Moreover, big money is pouring into the global warming industry from opulent NGO foundations such as Moore, Hewlett, Packard, Oak [18] and Tides to prevent the development of fossil resources — especially in the Canadian oil sands [19] — and from national governments funding the IPCC and many research institutions and individual scientists promoting the AGW myth. (Interestingly, Harris enjoys little in the way of grants and perquisites to finance his work.) Rhynas then fell back on the “majority argument,” claiming that 98% of the world’s nations support the (so-called) “settled science” of global warming, implying that therefore it must be true. This is, of course, pure hogwash. Probably 98% of the world’s institutions, governments, religious hierarchies and populations once believed the earth was flat — which, it appears, had no discernible effect on its curvature.

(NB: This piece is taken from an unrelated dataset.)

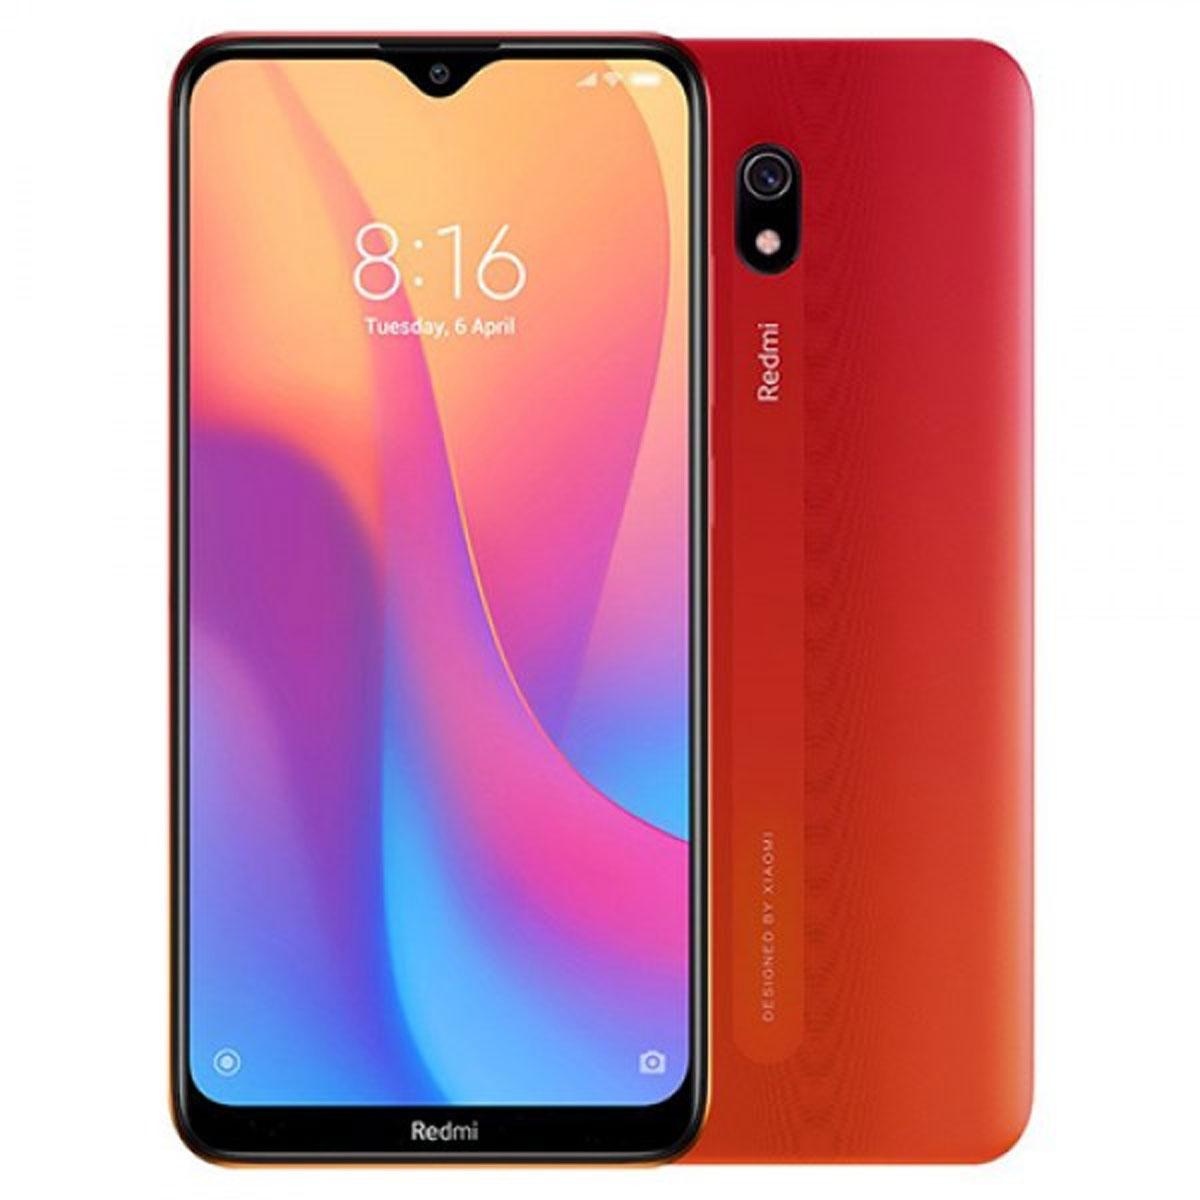 Latest Price List of Xiaomi Mobile Phones in Pakistan | PriceOye

In essence, the contrast between the two men was unrelievedly stark. Harris mobilized a veritable cache of credible mathematical and graphic detail to demonstrate that the science was to some extent still, so to speak, up in the air, but that the evidence persuasively suggested nonetheless that global warming, as understood and promulgated by the climatocracy, was not only a theory but quite conceivably a fallacy — and he did so humbly and with appealing courtesy. (As Harris wrote in the above-mentioned email, his adversary seemed “surprised that I am not the rich, right wing, evil fire-breathing denier he probably expected.”) Rhynas, for his part, had no factual or scientifically compelling information to propose in defense of his Gorean hypothesis. He could only retail his personal impressions, his literalist sentiments and his jotting points — and did so sanctimoniously and with unabashed didacticism. There was no real science in his riposte.

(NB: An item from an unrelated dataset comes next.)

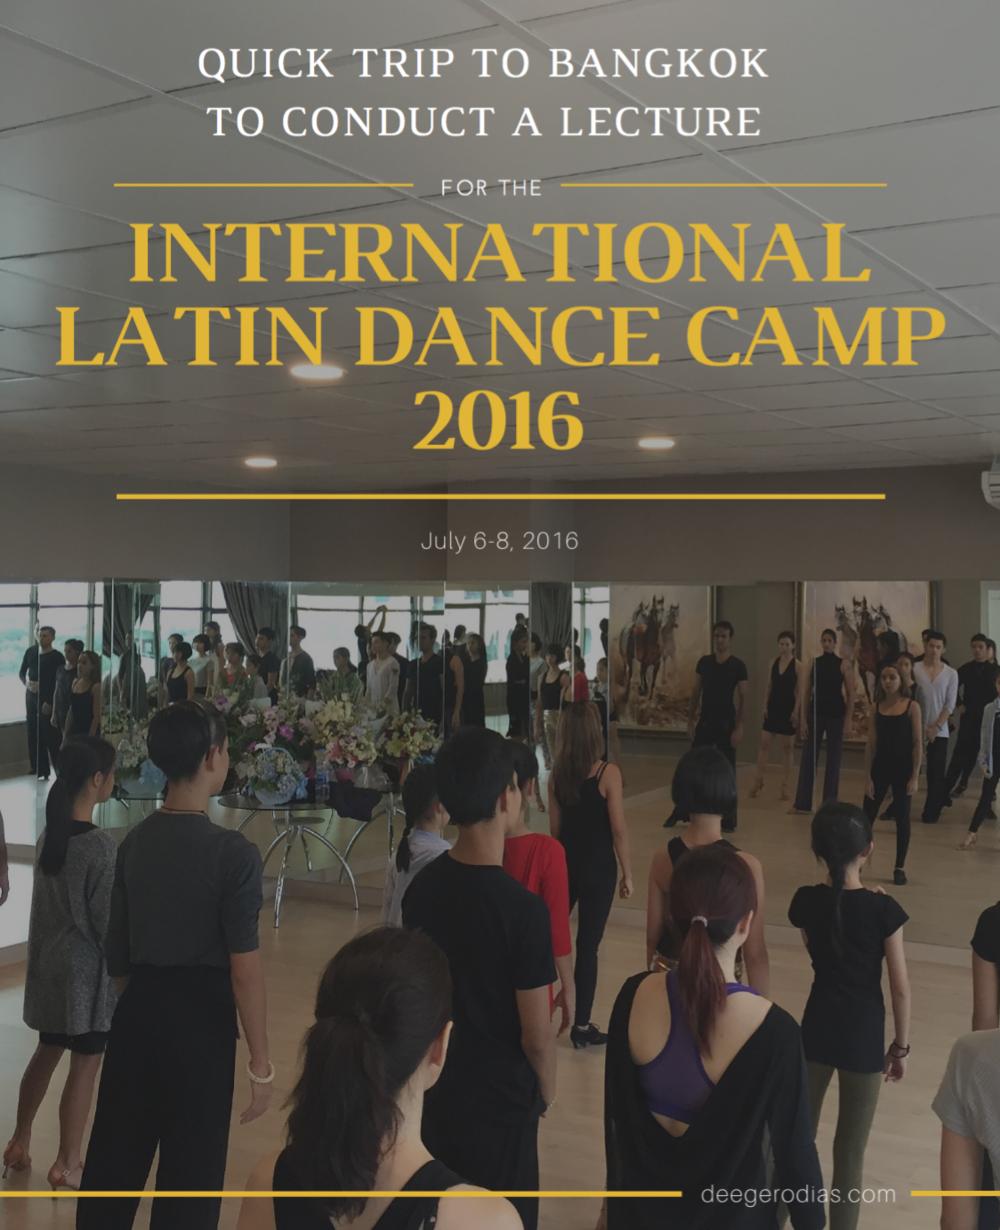 bangkok-international-latin-dance-camp

It is also telling that in a radio debate between Harris and Rhynas that took place following Rhynas’s initial presentation, the former agreed to take questions from the public but the latter refused. Surely it says nearly everything one needs to know about probity and cognitive assurance when a speaker refuses to debate on facts and logic with his audience. Rhynas’s performance serves as an illustration of the misuse of reason, calling to mind the French-Algerian religious philosopher Muhammad Arkoun [20], who declared that the sole function of reason “is to shape, bend and systemize reality in accordance with God’s signs” — God in our case being Gaia and her Prophet, Al Gore. What we dub “climate science” is not so much a science as a religion, and as in the ultra-theological realm the application of authentic rational arguments is rejected as a violation of faith. In this domain, the function of reason is to support unreason. We can say that Rhynas and those like him do not have an argument, they have a position, which is impervious to proof and reason. By contrast, Harris is a true scientist and an independent thinker who believes in the supple and genuine use of reason whereas Rhynas is a man of the meteorological cloth who believes in sticking to the letter of an unreformed holy text.

One cannot but conclude that the difference in their styles is revelatory of the difference in their postulates, in brief, it is the difference between inquiry and pedantry. And one cannot but wonder: who are the real climate deniers?